Auf die sich mir aufdrängende Frage, wie es durch die Arbeit mit einfachen Sätzen (bzw. durch das Wirken dieser) zu einer Reaktivierung der Essenz (bzw. zu einer wieder frei fließenden Energie) komme, erhielt ich von Dr. Lammers folgende Antwort: „Ich habe da keine Idee, weil dieser Mechanismus das [gängige] Weltbild sprengt. Die aktuelle Wissenschaft ist deterministisch, reduktionistisch und materialistisch, und die Logosynthese ist genau das Gegenteil. Deshalb versuche ich das Ganze mithilfe von Energiemetaphern zu vermitteln.
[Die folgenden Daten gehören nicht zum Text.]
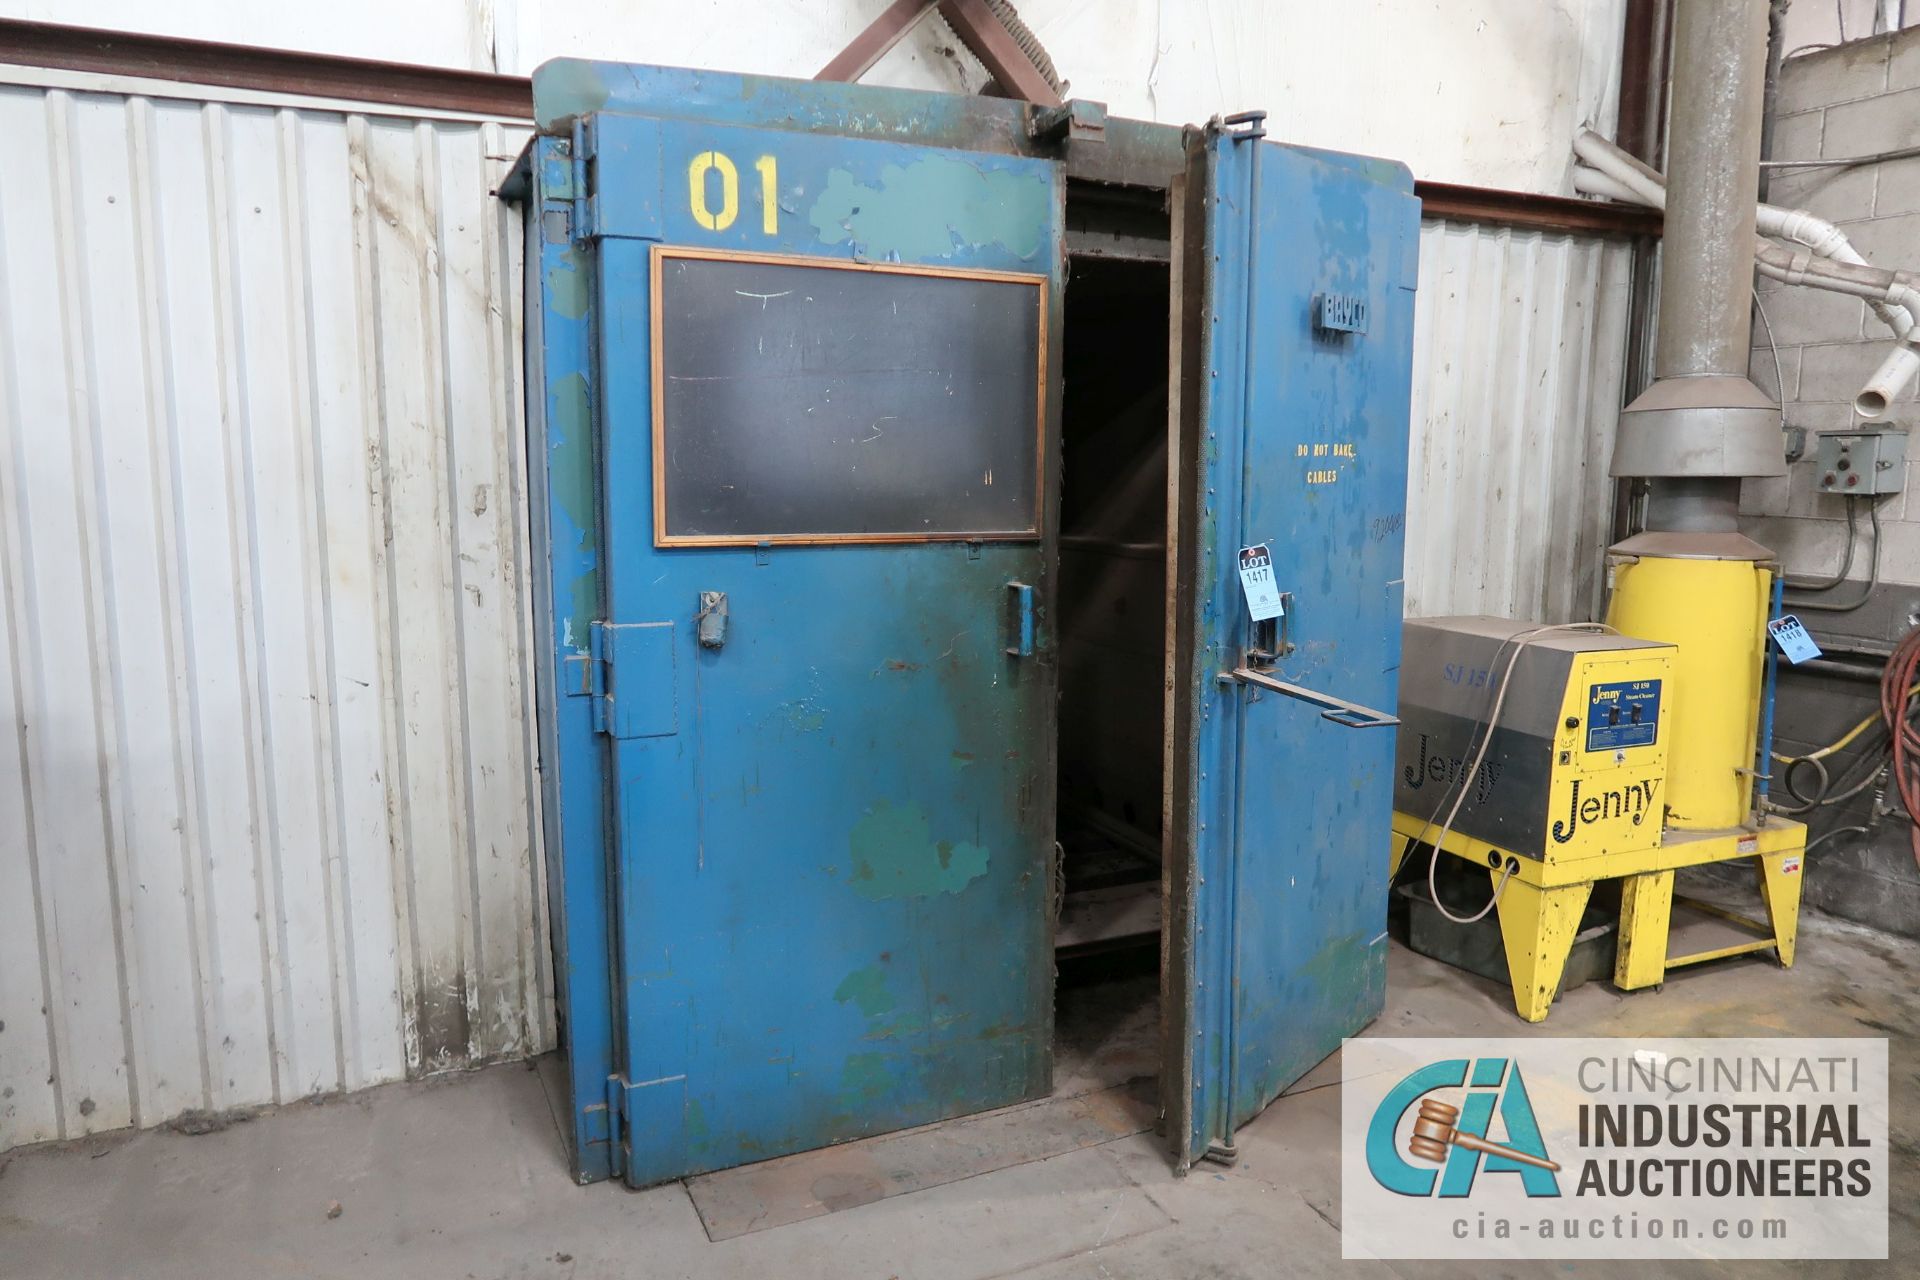 6' X 8' X 7' BAYCO NATURAL GAS FIRED OVEN **OUT OF SERVICE** **TAW WILL COVER OPENING IN WALL**

Ich habe aber nicht die Illusion, dass mein Buch die vorherrschenden Paradigmata so weit auf den Kopf stellen kann, dass es irgendjemanden zu meiner Weltsicht bekehren könnte. Das Buch ist gedacht für die zunehmende Zahl derjenigen, die mit dem orthodox-religiösen Charakter des wissenschaftlichen Mainstreams nicht viel anfangen können.“

Alles in allem kann ich sagen, dass ich durch das Lesen dazu angeregt wurde, mich weiterhin mit alternativen Ansätzen zu befassen. Obwohl ich es auch künftig so halten werde, bevorzugt mit Methoden zu arbeiten, deren Wirkmechanismus für mich nachvollziehbar und erklärbar ist, kann ich dieses Buch jedem zur Erweiterung des eigenen Horizonts empfehlen. Es ist inspirierend und interessant geschrieben. Zudem habe ich großen Respekt vor dem Mut, der dazu gehört, sich mit eigenen Ideen über gängige Lehrmeinungen hinwegzusetzen. Die angenehm selbstkritischen Hinterfragungen und die vielen Fallbeispiele haben mich davon überzeugt, dass Herr Dr. Lammers ein ausgezeichneter Psychotherapeut ist, dem das Wohl seiner Klienten am Herzen liegt.

Willem Lammers. Logosynthese. Mit Worten heilen. Praxisbuch für Beratung, Coaching und Psychotherapie. VAK Verlags GmbH (2014).